Moscow was likely trying to send a message by harassing a US drone, but officials say the Russian pilot ran into it because they're bad at flying
A Russian fighter jet harassed a US military MQ-9 Reaper drone over the Black Sea this week.
Engagements like these are likely part of what one think tank says are calculated Russian tactics.
But US officials said the fighter pilot demonstrated a "lack of competence" by clipping the drone.
A Russian fighter jet dumped fuel on and then clipped a US military drone operating over the Black Sea this week in what looks like a botched attempt at aggressive messaging. The American aircraft ultimately crashed into the waters below as a damaged Russian plane landed elsewhere.
The incident delivered another blow to the relationship between the two countries, which was already at rock bottom after Russia's invasion of Ukraine over a year ago.
Moscow was likely trying to send a message to Washington by harassing the drone, as this sort of aggressive signaling has been seen repeatedly, according to a think tank analysis on coercive Russian military action, but US officials say the pilot probably struck the aircraft simply because they are bad at flying.
"What happened was an unsafe and unprofessional maneuver on the part of a Russian aircraft, a maneuver that was also tinged with a lack of competence," State Department spokesperson Ned Price said after the incident. He later told MSNBC that the "best assessment" is the collision was probably unintentional.
On Tuesday, two Russian Su-27 fighter jets intercepted a US military MQ-9 Reaper drone that was flying in international airspace above the Black Sea. The two warplanes dumped fuel on and flew in front of the drone several times before one of the jets clipped the Reaper's propeller on a reckless pass just after 7 am local time, forcing the US military to bring the damaged drone down into the water below.
—USAFE-AFAFRICA (@HQUSAFEAFAF) March 16, 2023
US Air Force Gen. James B. Hecker, commander of US Air Forces Europe and Air Forces Africa, said the MQ-9 was engaging in routine operations when the incident happened and that the crash caused the "complete loss" of the drone. Moscow deflected blame for the crash on the US, with its ambassador to Washington claiming the drone was moving "deliberately and provocatively" toward Russian territory.
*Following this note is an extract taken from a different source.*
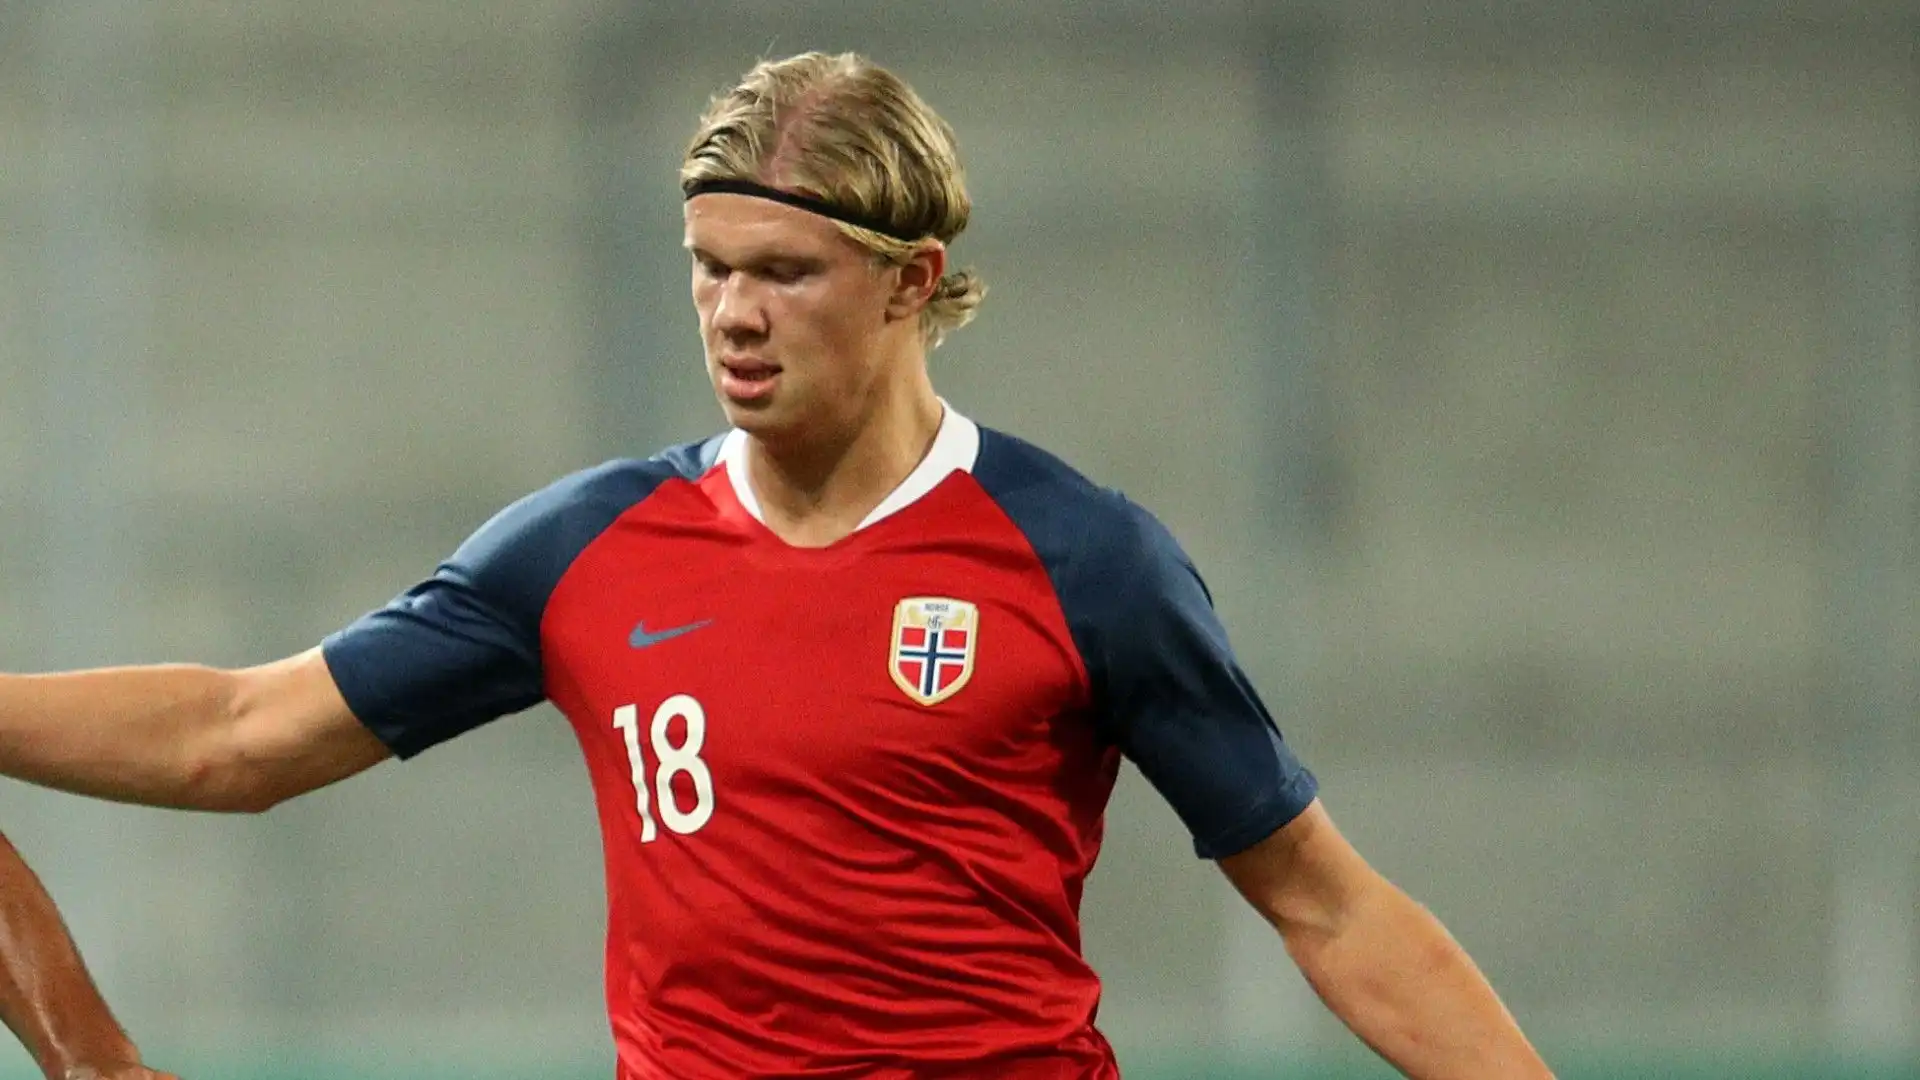 Nel 2019 ha messo a segno ben 9 gol in una sola partita: Norvegia-Honduras valida per i Mondiali Under 20

A top White House official said on Wednesday that its unclear whether the US will launch a recovery effort, something it has done with more sensitive military equipment that's been lost. Russia, on the other hand, has said it may try and recover the aircraft.
The US aircraft is resting at a depth of between 4,000 and 5,000 feet, making any recovery operation "very difficult" by any party, Chairman of the Joint Chiefs of Staff Gen. Mark Milley told reporters on Wednesday.
Moscow uses 'coercive signals' to send messages
Tuesday's incident marked the most direct confrontation between Russia and the US since the former attacked Ukraine in February 2022. It is also the latest of many provocative actions by Moscow against NATO militaries around the Black Sea, where intercepts are not uncommon. Russia has carried out aggressive maneuvers and close engagements against Western forces on a number of occasions in recent years.
But Russia has a long history of performing dangerous intercepts as a means of intimidation, a former US Navy pilot and TOPGUN instructor previously told Insider.
These close encounters and aggressive maneuvers by Russian aircraft are part of a coordinated messaging campaign by Russia, according to a recent report by the RAND Corporation, a global policy think tank based in California. The report consists of empirical research completed in 2020 that analyzes years of Russian military activity like intercepts and other engagements.
"Moscow regularly uses limited military actions — far short of direct aggression but often creating escalatory risks —that have caused concern and consternation in Western capitals," RAND writes in its report.
"Much of the assertive, dangerous, or unsafe Russian activity appears directed at shaping patterns of ongoing US or allied behavior," the report says. "Moscow appears to be using coercive signals to send targeted compellent messages regarding activities that it finds problematic," and "these compellent signals are often linked to particular US and allied activities."
In other words, RAND assesses that these Russian behaviors are strategic and intentional.
Milley, the top US general, said Wednesday there's "no question" that the Russian harassment preceding the crash was intentional. Although the intentions behind the actual physical contact between the jet and drone, he noted, remains more of a mystery.
While this harassment appears to be a calculated part of a Russian playbook, several top US officials and the military blamed the pilot's incompetence for crashing into the drone.
One official said the Su-27 was out of control and flying like "it was amateur hour," adding that the incident did not portray the skillset of a professional pilot. US European Command (EUCOM) wrote that the engagement demonstrated a "a lack of competence," while also being unprofessional, unsafe, reckless, and "environmentally unsound."
Pentagon Press Secretary Brigadier General Pat Ryder echoed what EUCOM and State Department spokesperson Ned Price said, arguing in that the pilots didn't show any competence during the intercept.